David Leite’s Orange Olive Oil Cake

What is it like?

-deliciously citrusy

-a rich crumb

David Leites gluten free dairy free orange cake recipe
 

Recipe

I adapted David Leite’s Orange Cake to be gluten free. It is from his wonderful cookbook, The New Portuguese Table. This recipe is quite similar to his original recipe. The flour is different and I added psyllium husk powder and more orange zest. The cake is also naturally dairy free and it’s a wonderful make-ahead dessert.

dry
3 1/2 cups flour mix, 448g
1 tbsp psyllium husk powder or 2 tsp xanthan gum
1 1/2 tsp baking powder (generous)
3/4 tsp fine sea salt

wet
5 large eggs
3 cups sugar, 675g
1 1/2 cups olive oil, 330g
5 oranges

Directions:

  1. Preheat the oven to 350°F/175°C. Zest four oranges and then juice enough oranges to make 1 1/2 cups of juice. Set aside. Oil a 12-cup Bundt cake pan.

  2. In a large bowl whisk together the dry ingredients.

  3. In a large mixing bowl mix the eggs on medium speed, and slowly add the sugar. Then beat on high until the mixture is a pale yellow and luscious looking.

  4. Add the olive oil and dry ingredients, alternating between the two just until the flour is blended in. Lastly, stir in the orange juice and zest.

  5. Pour into the prepared Bundt cake pan and bake for about one hour, or until a toothpick inserted comes out clean or with a crumb or two attached. Allow to cool completely before serving.
    Optional: dust with powdered sugar.

    Note: This cake is best the next day and it will stay moist for several days. Once it is cooled, store it in an airtight container or cake stand with a lid.

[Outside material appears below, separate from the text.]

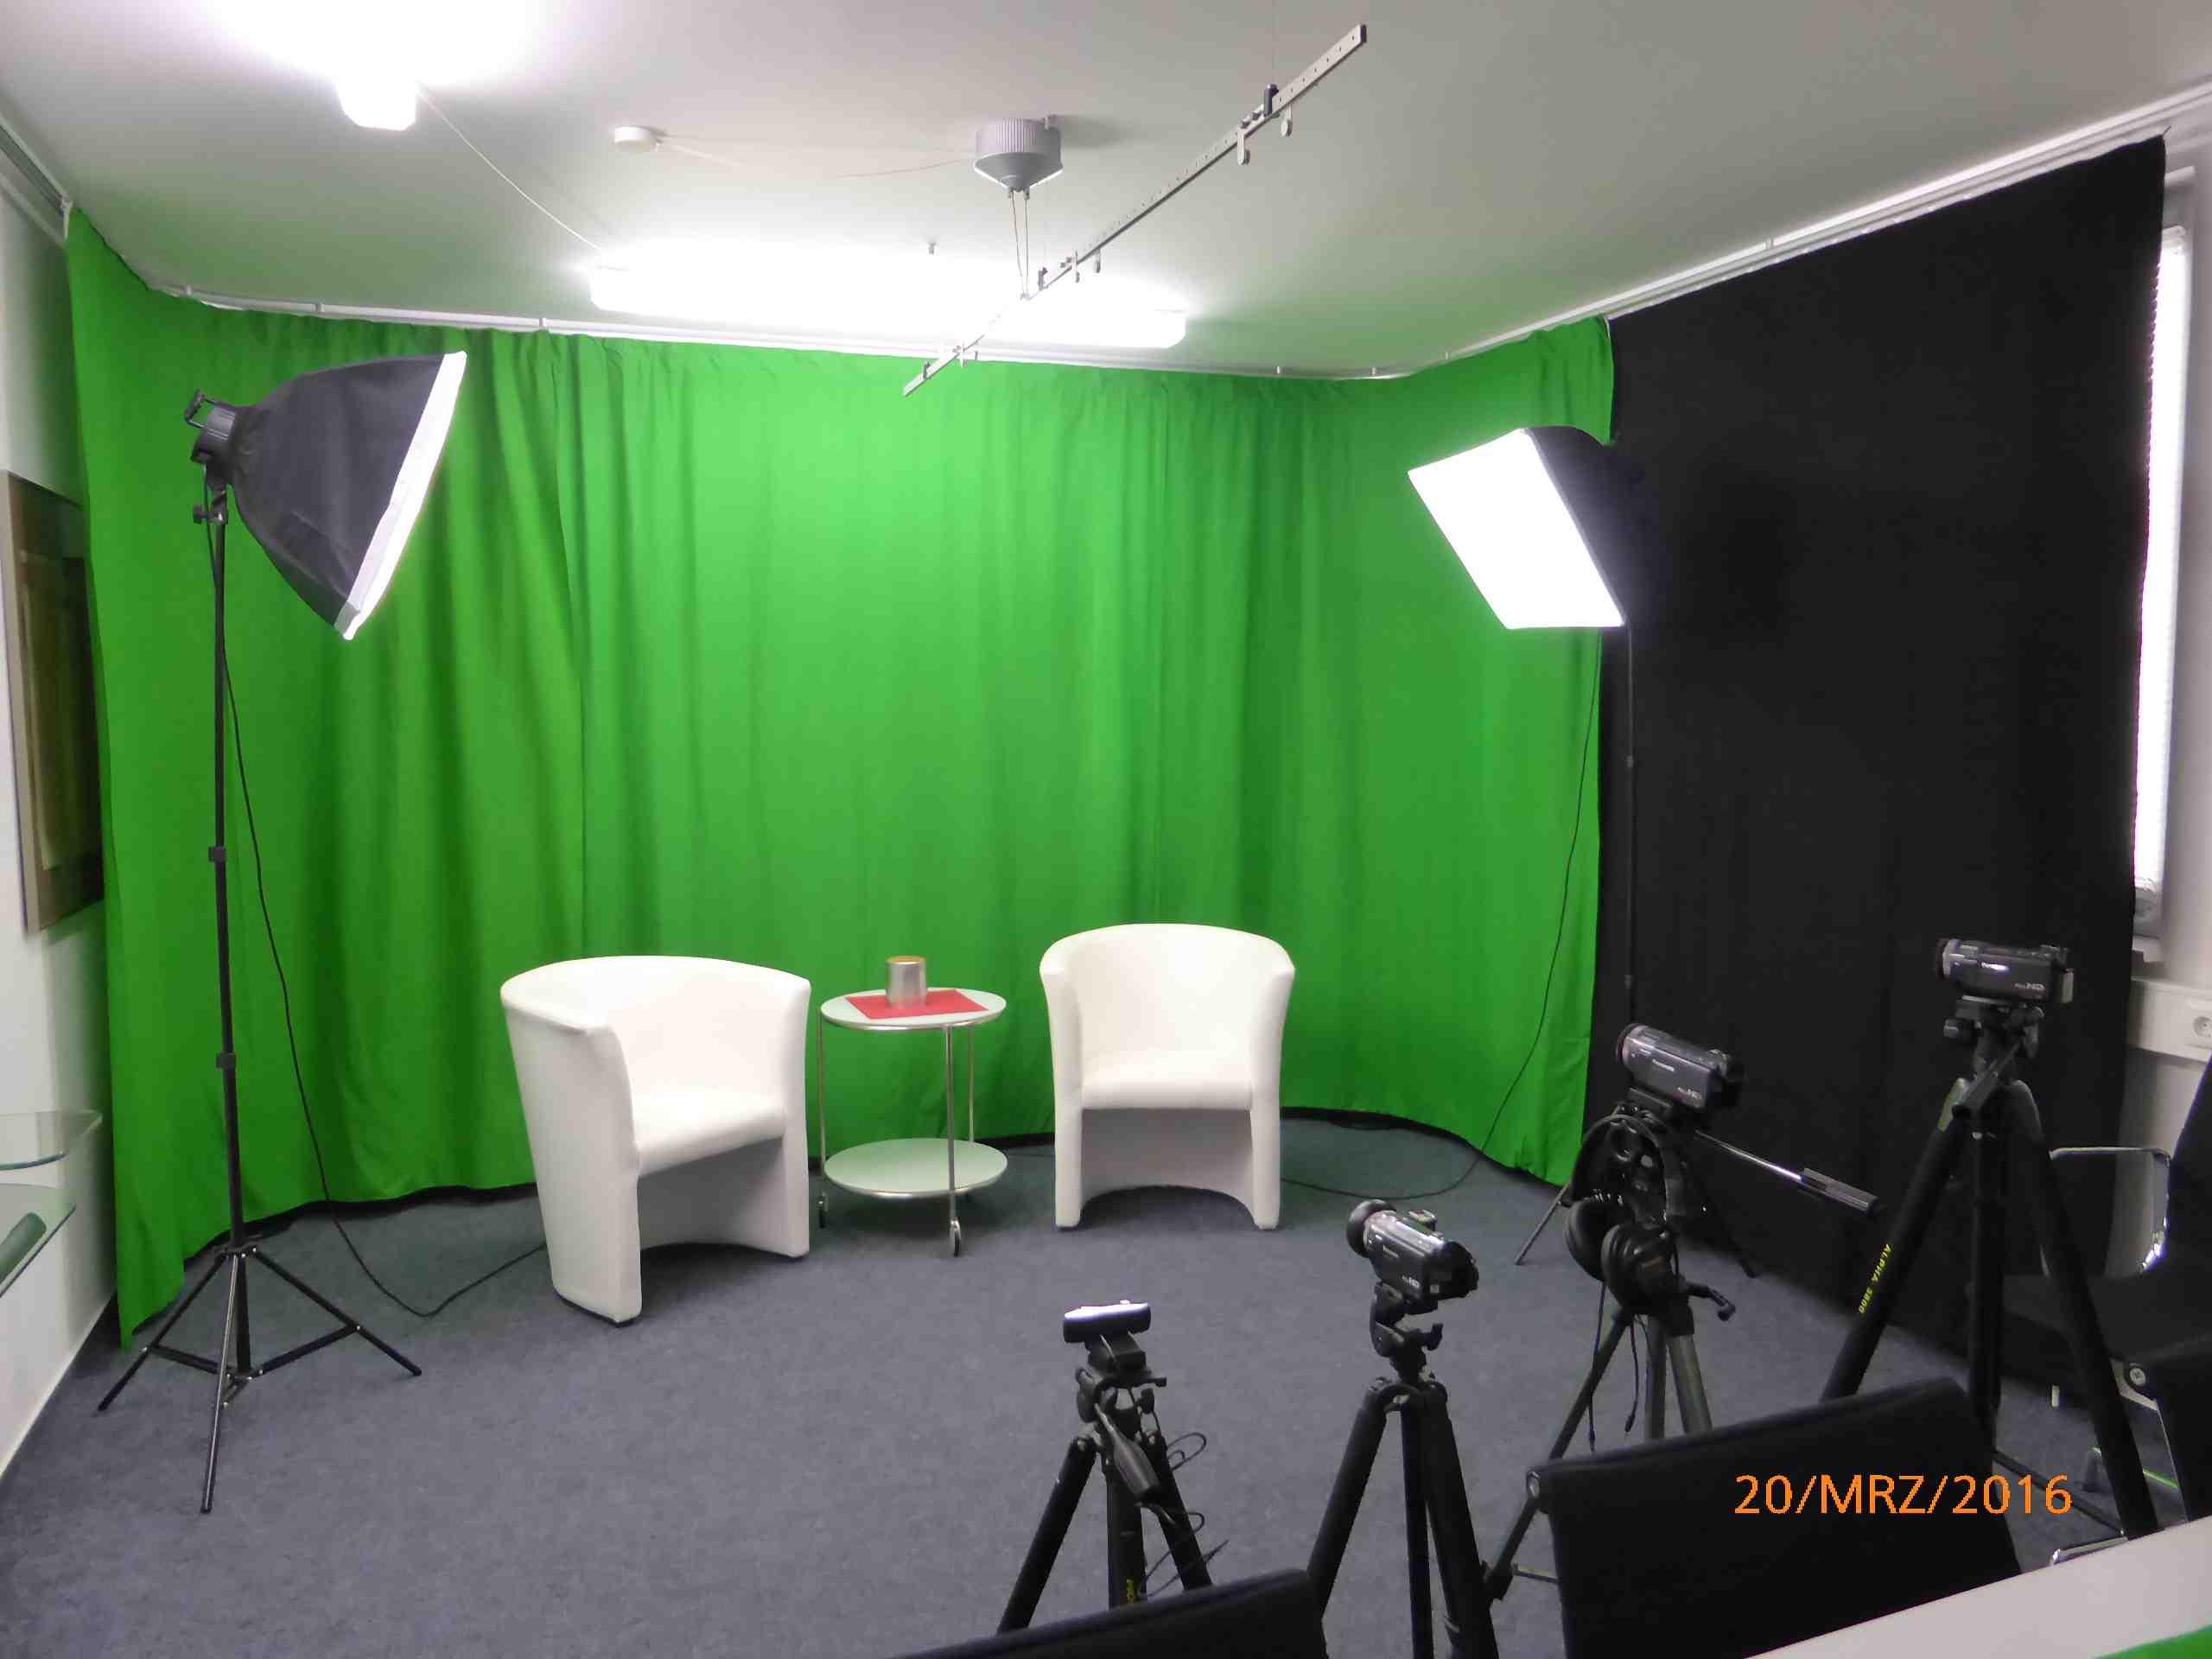 profiTel jetzt mit eigenem Videostudio

Classic Vanilla Cake (simple method with no creaming)

What is it like?

-light & moist

-excellent with buttercream frosting, whipped cream, or fruit

Gluten free dairy free vanilla cake recipe
 

Recipe

Makes one 9-inch round cake or one 8 x 8 inch cake. This recipe can be used to make cupcakes or whoopee pies.

dry
1 1/2 cups (218g) flour mix
1 tsp baking soda
1 tbsp psyllium powder
1/4 tsp fine sea salt

wet
scant 3/4 cup (157g) sunflower oil
1 cup (250g) sugar
2 eggs (107g)
1/2 cup (125g) unsweetened apple sauce
1/2 cup minus 1 tbsp (102g) water
2 tsp vanilla extract

Buttercream
1 cup (225g) butter, at room temperature (or use 3/4 cup Earth Balance for dairy free*)
2 3/4 (343g) cups powdered sugar, or to taste
1/2 tsp vanilla extract
dash of salt

Directions:

  1. Preheat the oven to 350°F. Grease an 8x8 baking dish and line the bottom with parchment paper. If you’re doing so, make sure that your 8x8 baking dish is at least 1 1/2 inches tall. Or, for a layered cake, grease the sides of two 9-inch round cake pans with oil or butter. Cut two round parchment circles, and place them in the bottom of the pans for easy release.

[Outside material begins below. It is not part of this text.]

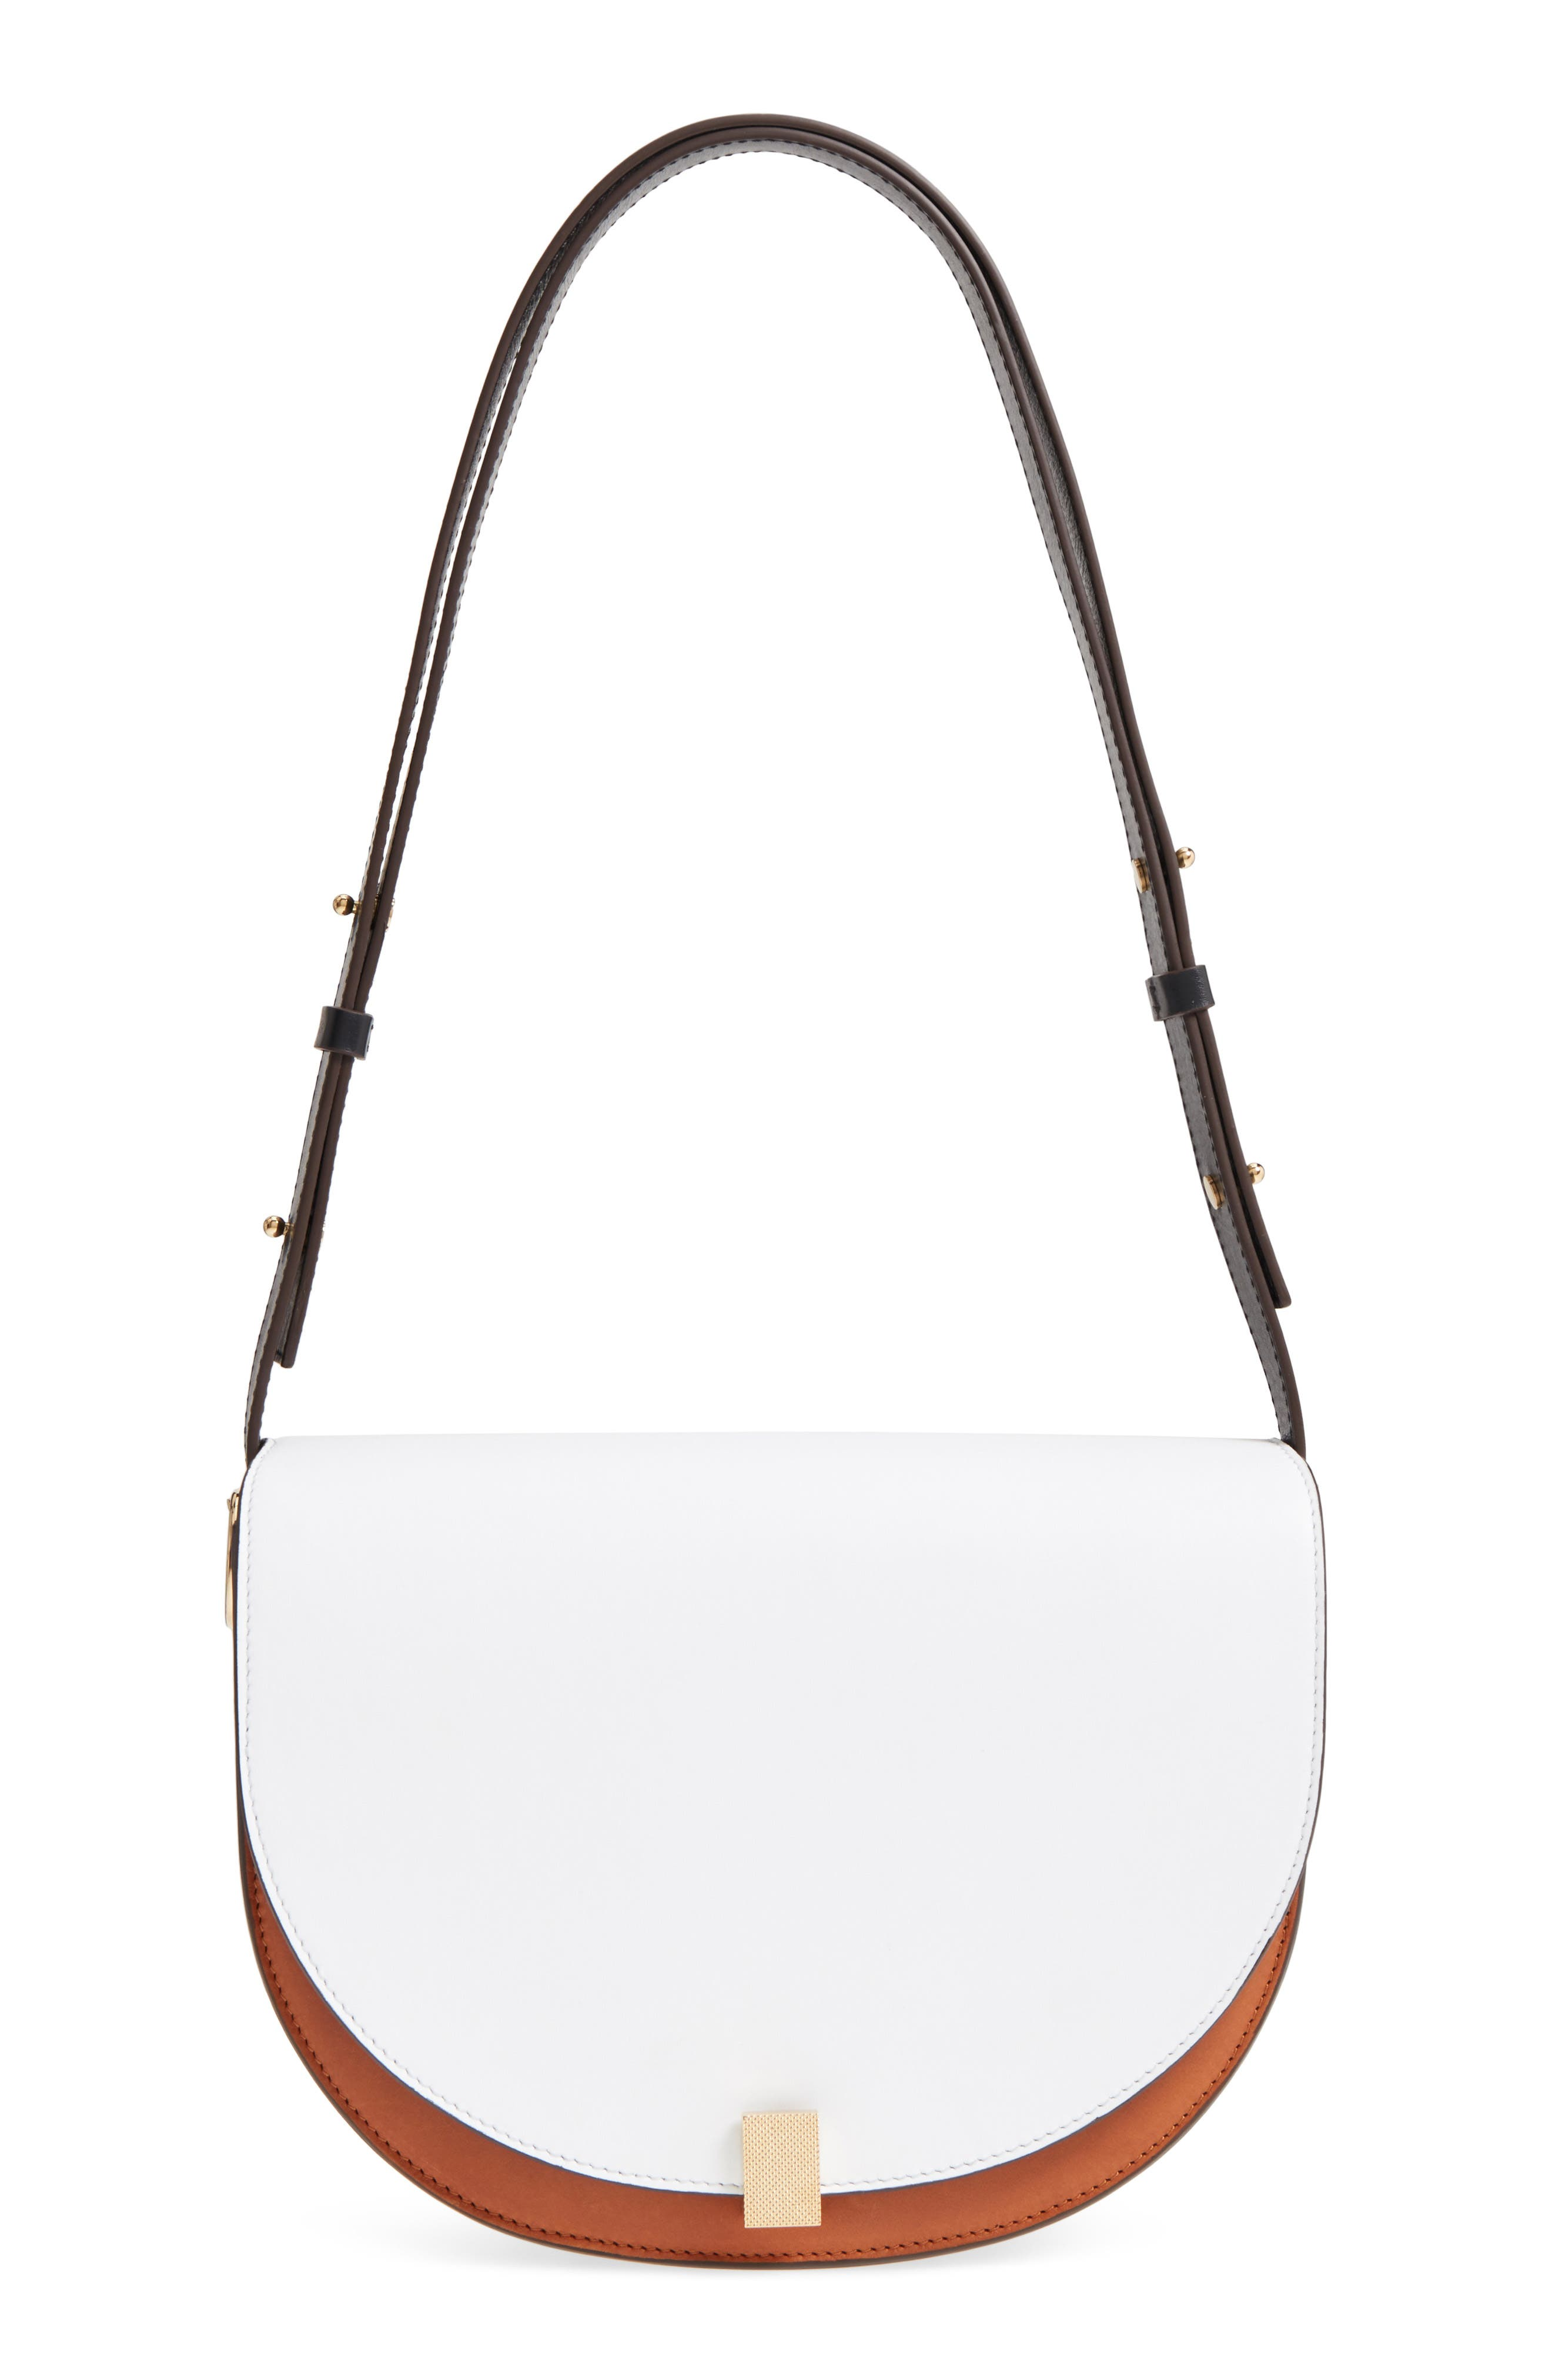 Half Moon Box Shoulder Bag,                             Main thumbnail 1, color,                             White/ Ambra/ Black

  2. In a large bowl whisk together the dry ingredients.

  3. In a medium bowl whisk together the wet ingredients.

  4. Add the flour mixture to the wet mixture and whisk just until most of the lumps are gone. Pour the batter into your baking dish and bake for about 25 minutes or just until the middle springs back when pressed. Allow to cool completely before frosting.

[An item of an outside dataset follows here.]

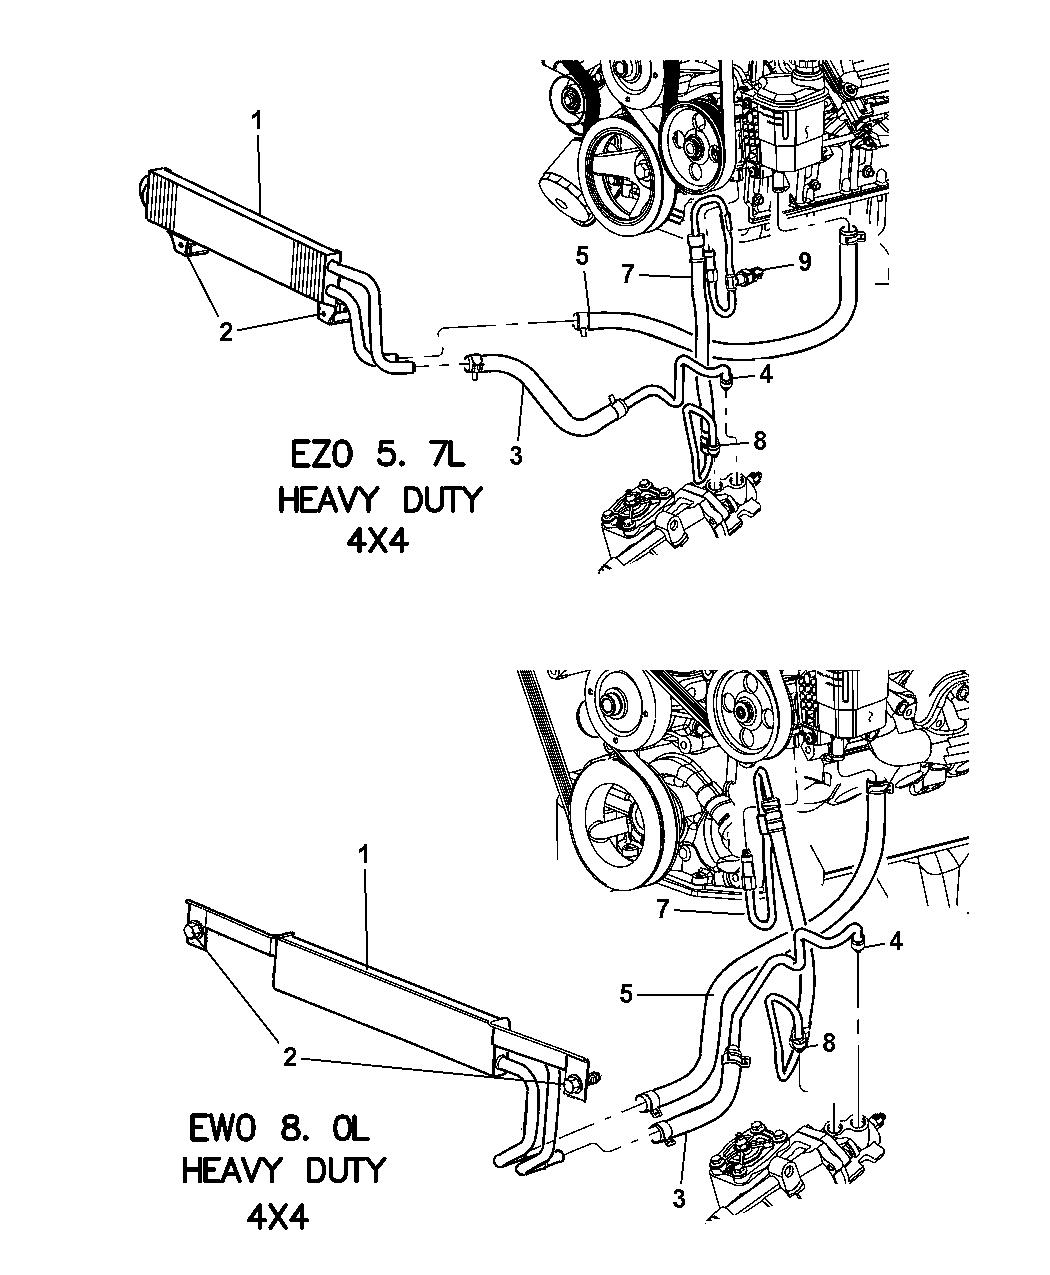 52113639AC - Genuine Mopar LINE-POWER STEERING RETURNMopar Parts Giant

  5. For the buttercream: While the cake bakes, prepare the buttercream. Stir together the powdered sugar and buttercream. If your powdered sugar has lumps you may want to sift it first. If you like your frosting light, you can whip it on high for a couple of minutes. Then add zest and poppy seeds. 

  6. Using a spatula, place frosting in the middle of the top of the cake and gently frost it outward with the spatula trying to avoid picking up crumbs. Keep the cake in the fridge if it’s not ready to consume.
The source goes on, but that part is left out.